GR no. 163356-57; July 1, 2015; Perez, J

SUMMARY:
Petitioners in the first case, Bernas Group, were among the Members of the Board of Directors and Officers of
Makati Sports Club whose terms were to expire either in 1998 or 1999. Petitioners in the second case are the
Cinco Group, elected Members and Officers during the Special Stockholders Meeting. Alarmed by anomalies in
handling corporate funds, the MSC Oversight Committee (MSCOC), demanded from the Bernas Group, who
were then incumbent officers, to resign for the election of new officers. MSCOC called a Special Stockholders'
Meeting and sent notices to all stockholders and members. For failure of the Bernas Group to secure an
injunction from the SEC, the meeting proceeded where the Bernas group were removed and the Cinco group
were elected.

The Bernas Group sought the nullification of the Special Stockholders Meeting before the Securities
Investigation and Clearing Department (SICD) on the ground that it was improperly called. Citing Sec. 28 of
the Corporation Code, the Bernas Group argued that authority to call a meeting lies with the Secretary and
not with the MSCOC which functions merely as an oversight body and. For their part, the Cinco Group insisted
that MSC by-laws merely authorized the Secretary to issue notices of meetings and nowhere does it state that
such authority solely belongs to him, and that it would be useless to course the request to call a meeting
through the Secretary because he repeatedly refused to call a special stockholders' meeting despite demands.

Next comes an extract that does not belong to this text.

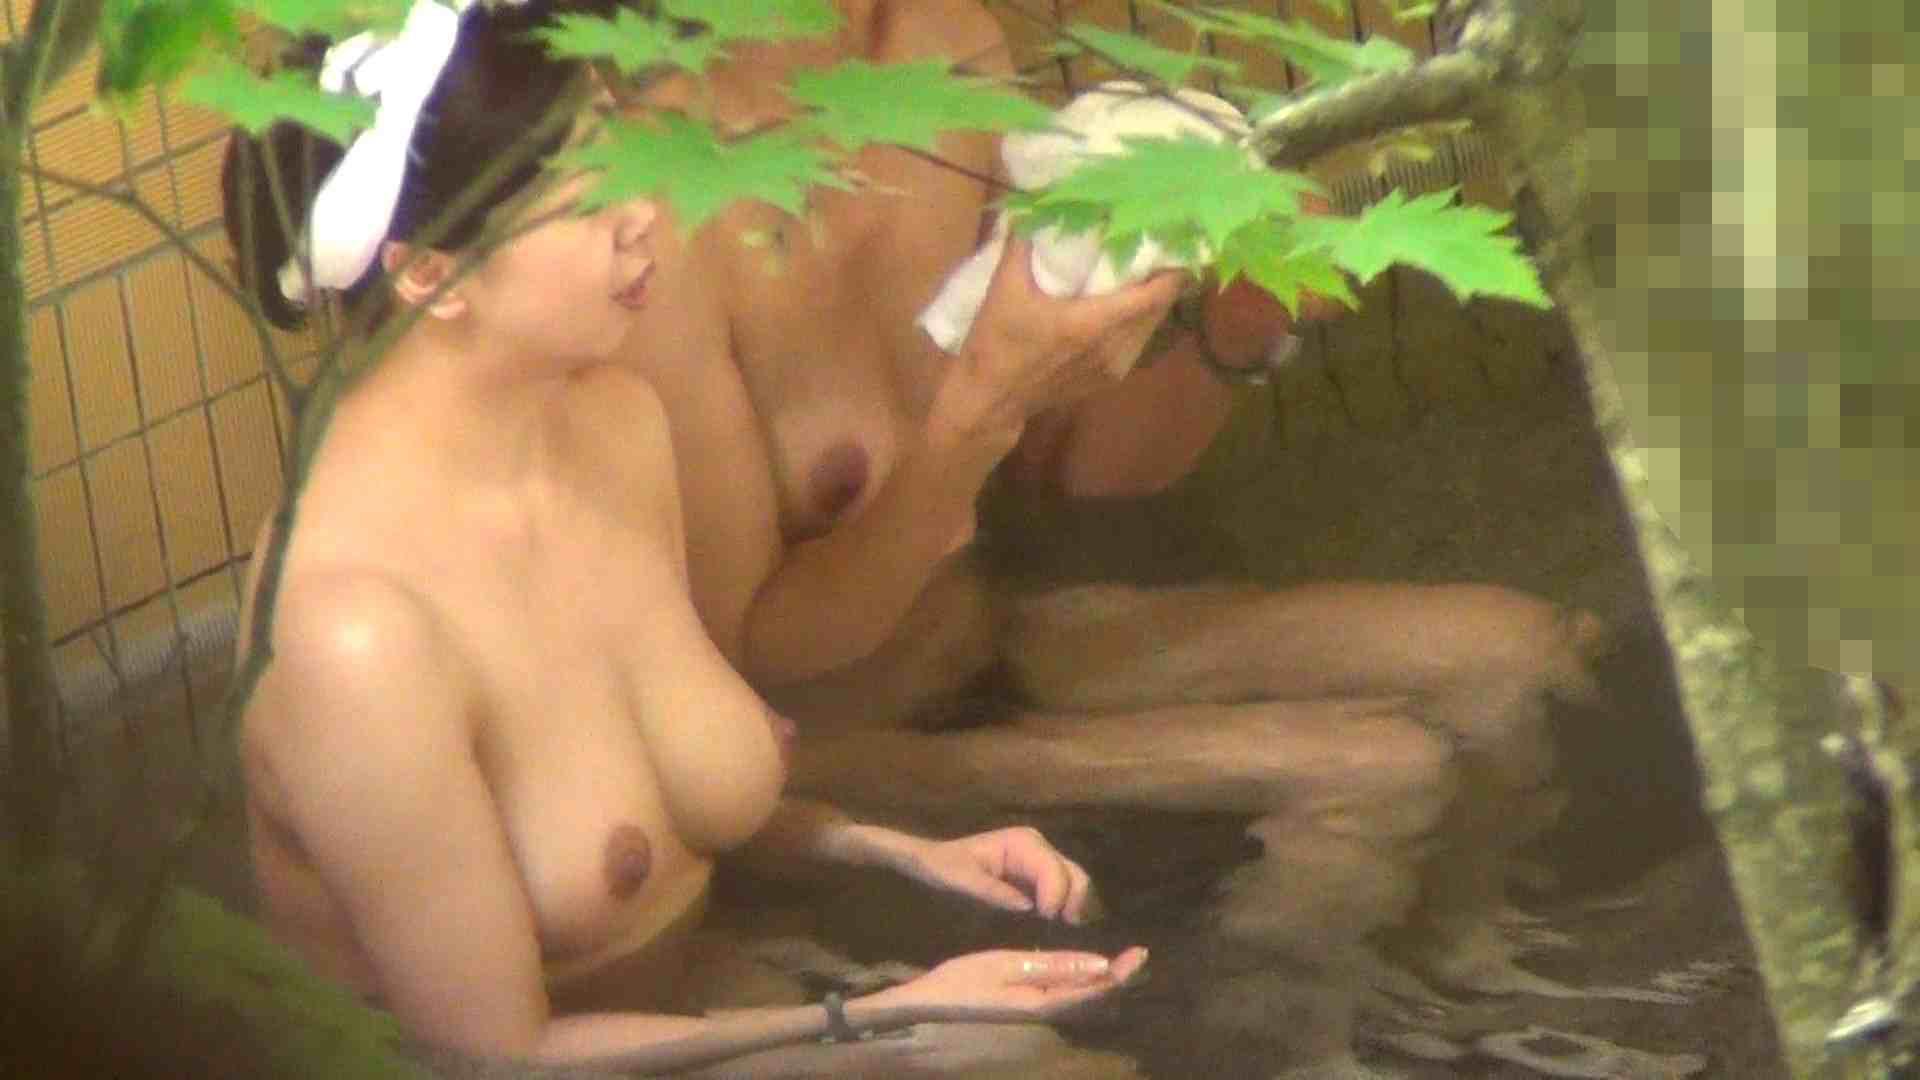 Vol.29 ピンクとブラウンの爆乳コンビ 美女  76PIX 40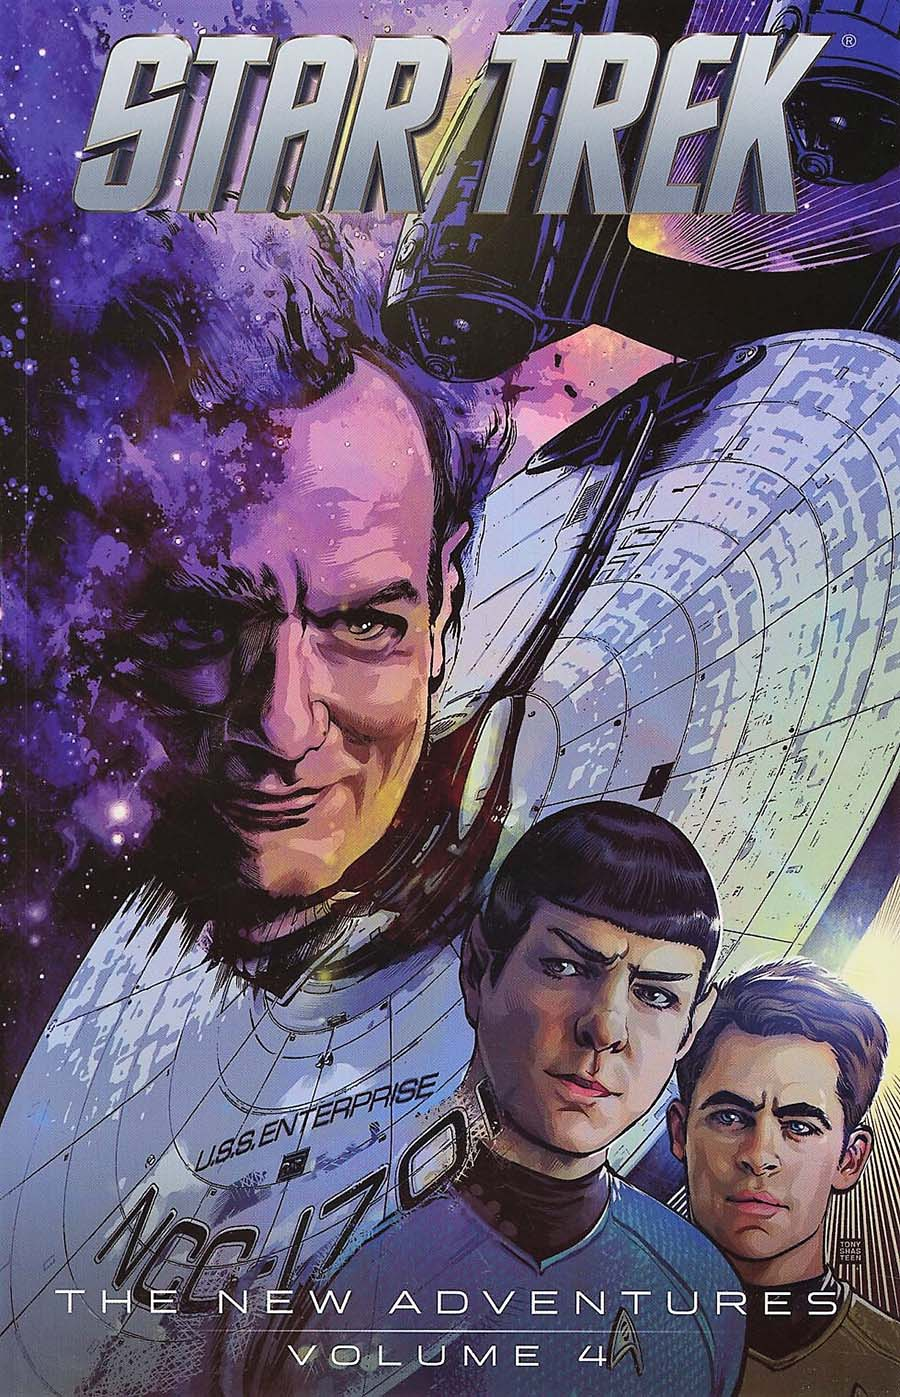 Star Trek New Adventures Vol 4 TP

After finding Bernas guilty of irregularities, the new Board resolved to expel him by selling his shares. Prior to
the resolution of the SEC Case an Annual Stockholders' Meeting was held pursuant to MSC bylaws. During the
meeting the majority resolved to ratify the Special Stockholders' Meeting, and acts adopted then, including
the removal of Bernas Group. The SEC En Banc supervised the holding of the 1999 Annual Stockholders'
Meeting. During the meeting, the stockholders ratified the holding of the Special Stockholders' Meeting. The
Special Stockholders' Meeting was likewise ratified during the 2000 Annual Stockholders' Meeting.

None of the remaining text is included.